**Available data**
------------------------------------------------------------

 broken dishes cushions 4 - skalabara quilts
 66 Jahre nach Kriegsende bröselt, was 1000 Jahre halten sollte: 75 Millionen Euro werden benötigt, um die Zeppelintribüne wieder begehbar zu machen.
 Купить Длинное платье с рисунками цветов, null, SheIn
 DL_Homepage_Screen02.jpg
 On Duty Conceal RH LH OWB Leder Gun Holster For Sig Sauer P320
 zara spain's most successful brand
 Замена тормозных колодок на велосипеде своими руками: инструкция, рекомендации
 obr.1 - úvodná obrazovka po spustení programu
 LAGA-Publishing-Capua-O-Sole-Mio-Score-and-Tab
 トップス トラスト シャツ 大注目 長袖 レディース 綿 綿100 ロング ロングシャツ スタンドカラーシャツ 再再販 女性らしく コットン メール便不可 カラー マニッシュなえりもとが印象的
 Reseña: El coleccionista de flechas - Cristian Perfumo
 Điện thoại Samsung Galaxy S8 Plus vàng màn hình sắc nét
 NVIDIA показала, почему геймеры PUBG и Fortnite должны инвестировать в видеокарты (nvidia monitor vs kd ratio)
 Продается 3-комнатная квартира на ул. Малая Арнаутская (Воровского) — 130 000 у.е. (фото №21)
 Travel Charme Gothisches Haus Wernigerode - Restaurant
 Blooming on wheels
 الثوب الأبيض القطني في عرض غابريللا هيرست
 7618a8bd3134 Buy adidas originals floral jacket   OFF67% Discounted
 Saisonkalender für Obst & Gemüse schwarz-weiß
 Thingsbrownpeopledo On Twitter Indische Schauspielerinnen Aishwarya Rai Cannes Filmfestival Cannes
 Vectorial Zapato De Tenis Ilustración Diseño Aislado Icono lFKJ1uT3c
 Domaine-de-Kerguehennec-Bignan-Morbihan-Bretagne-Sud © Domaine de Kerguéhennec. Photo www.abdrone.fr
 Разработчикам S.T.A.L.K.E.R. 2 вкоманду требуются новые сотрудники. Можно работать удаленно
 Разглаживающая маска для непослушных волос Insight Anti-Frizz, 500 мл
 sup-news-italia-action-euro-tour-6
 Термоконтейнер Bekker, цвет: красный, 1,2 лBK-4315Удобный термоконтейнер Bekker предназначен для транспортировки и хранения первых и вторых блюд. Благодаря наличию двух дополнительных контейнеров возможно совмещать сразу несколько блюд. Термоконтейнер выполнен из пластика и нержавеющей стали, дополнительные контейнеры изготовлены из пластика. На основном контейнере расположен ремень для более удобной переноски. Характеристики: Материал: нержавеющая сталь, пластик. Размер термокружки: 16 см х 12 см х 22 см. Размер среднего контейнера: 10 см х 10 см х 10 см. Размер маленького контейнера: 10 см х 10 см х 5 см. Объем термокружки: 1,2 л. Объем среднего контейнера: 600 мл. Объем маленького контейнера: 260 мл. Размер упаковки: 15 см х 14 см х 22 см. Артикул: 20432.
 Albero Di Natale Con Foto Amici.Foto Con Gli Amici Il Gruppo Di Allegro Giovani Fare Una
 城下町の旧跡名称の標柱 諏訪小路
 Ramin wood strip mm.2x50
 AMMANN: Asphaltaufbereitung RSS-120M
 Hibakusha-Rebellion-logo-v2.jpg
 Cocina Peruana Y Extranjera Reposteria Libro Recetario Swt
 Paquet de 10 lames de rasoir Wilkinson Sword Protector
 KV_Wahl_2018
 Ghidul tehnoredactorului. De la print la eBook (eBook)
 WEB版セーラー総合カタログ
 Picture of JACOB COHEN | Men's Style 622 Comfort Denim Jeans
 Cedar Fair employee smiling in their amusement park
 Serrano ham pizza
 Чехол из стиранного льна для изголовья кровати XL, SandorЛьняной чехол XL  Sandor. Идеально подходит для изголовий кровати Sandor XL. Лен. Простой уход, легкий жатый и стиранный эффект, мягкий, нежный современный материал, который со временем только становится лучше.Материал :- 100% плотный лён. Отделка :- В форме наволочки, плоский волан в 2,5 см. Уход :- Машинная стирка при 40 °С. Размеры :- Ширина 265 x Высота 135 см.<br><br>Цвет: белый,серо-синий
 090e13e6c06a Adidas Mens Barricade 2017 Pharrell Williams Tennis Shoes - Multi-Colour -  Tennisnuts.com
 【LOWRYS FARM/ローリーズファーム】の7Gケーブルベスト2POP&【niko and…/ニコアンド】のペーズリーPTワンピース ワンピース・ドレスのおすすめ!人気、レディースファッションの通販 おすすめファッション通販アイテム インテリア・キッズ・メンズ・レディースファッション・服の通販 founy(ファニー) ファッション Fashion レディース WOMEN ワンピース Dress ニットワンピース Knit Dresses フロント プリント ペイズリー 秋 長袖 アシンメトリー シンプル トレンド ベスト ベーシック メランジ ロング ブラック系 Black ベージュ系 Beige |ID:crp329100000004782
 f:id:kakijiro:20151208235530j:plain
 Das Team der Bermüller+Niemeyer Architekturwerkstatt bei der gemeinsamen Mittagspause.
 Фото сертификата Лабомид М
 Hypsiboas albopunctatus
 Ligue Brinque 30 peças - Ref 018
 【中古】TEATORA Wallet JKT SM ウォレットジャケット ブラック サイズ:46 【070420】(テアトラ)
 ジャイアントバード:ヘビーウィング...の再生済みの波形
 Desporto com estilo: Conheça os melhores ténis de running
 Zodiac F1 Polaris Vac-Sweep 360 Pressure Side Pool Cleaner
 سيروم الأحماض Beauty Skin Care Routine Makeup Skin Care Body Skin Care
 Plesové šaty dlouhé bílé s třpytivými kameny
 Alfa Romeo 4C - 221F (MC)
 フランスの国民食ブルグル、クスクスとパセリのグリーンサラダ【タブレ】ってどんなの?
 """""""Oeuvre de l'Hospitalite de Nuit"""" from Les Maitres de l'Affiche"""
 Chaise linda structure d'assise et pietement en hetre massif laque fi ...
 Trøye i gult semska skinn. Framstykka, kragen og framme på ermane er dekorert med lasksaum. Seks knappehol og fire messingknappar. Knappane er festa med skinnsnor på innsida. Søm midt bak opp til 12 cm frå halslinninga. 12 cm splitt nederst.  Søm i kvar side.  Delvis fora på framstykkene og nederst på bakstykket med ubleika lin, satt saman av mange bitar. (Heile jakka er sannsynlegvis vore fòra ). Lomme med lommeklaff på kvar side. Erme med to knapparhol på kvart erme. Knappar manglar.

------------------------------------------------------------

**Problem**
Using only the entries above, output the line with "Ligue Brinque 30 peças - Ref 018", the line with "Chaise linda structure", and all lines between them, exactly as they stand.

**Completed task**
 Ligue Brinque 30 peças - Ref 018
 【中古】TEATORA Wallet JKT SM ウォレットジャケット ブラック サイズ:46 【070420】(テアトラ)
 ジャイアントバード:ヘビーウィング...の再生済みの波形
 Desporto com estilo: Conheça os melhores ténis de running
 Zodiac F1 Polaris Vac-Sweep 360 Pressure Side Pool Cleaner
 سيروم الأحماض Beauty Skin Care Routine Makeup Skin Care Body Skin Care
 Plesové šaty dlouhé bílé s třpytivými kameny
 Alfa Romeo 4C - 221F (MC)
 フランスの国民食ブルグル、クスクスとパセリのグリーンサラダ【タブレ】ってどんなの?
 """""""Oeuvre de l'Hospitalite de Nuit"""" from Les Maitres de l'Affiche"""
 Chaise linda structure d'assise et pietement en hetre massif laque fi ...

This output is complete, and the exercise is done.